Copy exactly the lines of the material below, starting with the first and including the line that holds "for ny original".

## SUPPLIED DATA
*** Begin section ***

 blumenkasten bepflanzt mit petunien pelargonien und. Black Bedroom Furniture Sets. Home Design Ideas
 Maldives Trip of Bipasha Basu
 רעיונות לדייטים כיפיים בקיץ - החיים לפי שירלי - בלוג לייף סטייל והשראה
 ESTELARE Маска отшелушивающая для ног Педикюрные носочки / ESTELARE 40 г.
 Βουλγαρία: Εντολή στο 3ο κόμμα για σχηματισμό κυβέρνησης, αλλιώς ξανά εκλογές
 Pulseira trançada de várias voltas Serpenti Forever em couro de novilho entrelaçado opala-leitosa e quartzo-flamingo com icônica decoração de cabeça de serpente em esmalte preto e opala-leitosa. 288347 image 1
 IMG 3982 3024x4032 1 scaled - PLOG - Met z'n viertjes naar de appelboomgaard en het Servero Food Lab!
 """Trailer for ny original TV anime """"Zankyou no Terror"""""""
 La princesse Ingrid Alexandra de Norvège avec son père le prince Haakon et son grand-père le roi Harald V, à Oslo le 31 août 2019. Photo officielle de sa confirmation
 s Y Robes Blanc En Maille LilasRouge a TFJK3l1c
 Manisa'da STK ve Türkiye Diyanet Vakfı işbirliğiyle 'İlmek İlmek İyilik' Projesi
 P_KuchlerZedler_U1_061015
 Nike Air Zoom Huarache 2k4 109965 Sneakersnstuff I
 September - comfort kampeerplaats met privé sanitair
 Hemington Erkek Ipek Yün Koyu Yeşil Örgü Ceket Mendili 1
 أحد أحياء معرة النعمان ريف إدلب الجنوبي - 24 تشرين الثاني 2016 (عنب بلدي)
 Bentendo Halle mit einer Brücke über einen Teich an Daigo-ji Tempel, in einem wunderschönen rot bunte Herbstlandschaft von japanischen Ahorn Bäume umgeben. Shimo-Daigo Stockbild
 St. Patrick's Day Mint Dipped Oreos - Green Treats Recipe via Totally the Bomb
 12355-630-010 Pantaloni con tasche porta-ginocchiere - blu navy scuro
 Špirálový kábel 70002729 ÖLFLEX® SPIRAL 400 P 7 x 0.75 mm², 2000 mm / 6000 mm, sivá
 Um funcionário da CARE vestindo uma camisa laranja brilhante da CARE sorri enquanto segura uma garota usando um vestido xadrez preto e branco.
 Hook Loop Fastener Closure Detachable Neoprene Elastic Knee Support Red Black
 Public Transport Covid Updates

*** End section ***

## SOLUTION TO THIS TASK
 blumenkasten bepflanzt mit petunien pelargonien und. Black Bedroom Furniture Sets. Home Design Ideas
 Maldives Trip of Bipasha Basu
 רעיונות לדייטים כיפיים בקיץ - החיים לפי שירלי - בלוג לייף סטייל והשראה
 ESTELARE Маска отшелушивающая для ног Педикюрные носочки / ESTELARE 40 г.
 Βουλγαρία: Εντολή στο 3ο κόμμα για σχηματισμό κυβέρνησης, αλλιώς ξανά εκλογές
 Pulseira trançada de várias voltas Serpenti Forever em couro de novilho entrelaçado opala-leitosa e quartzo-flamingo com icônica decoração de cabeça de serpente em esmalte preto e opala-leitosa. 288347 image 1
 IMG 3982 3024x4032 1 scaled - PLOG - Met z'n viertjes naar de appelboomgaard en het Servero Food Lab!
 """Trailer for ny original TV anime """"Zankyou no Terror"""""""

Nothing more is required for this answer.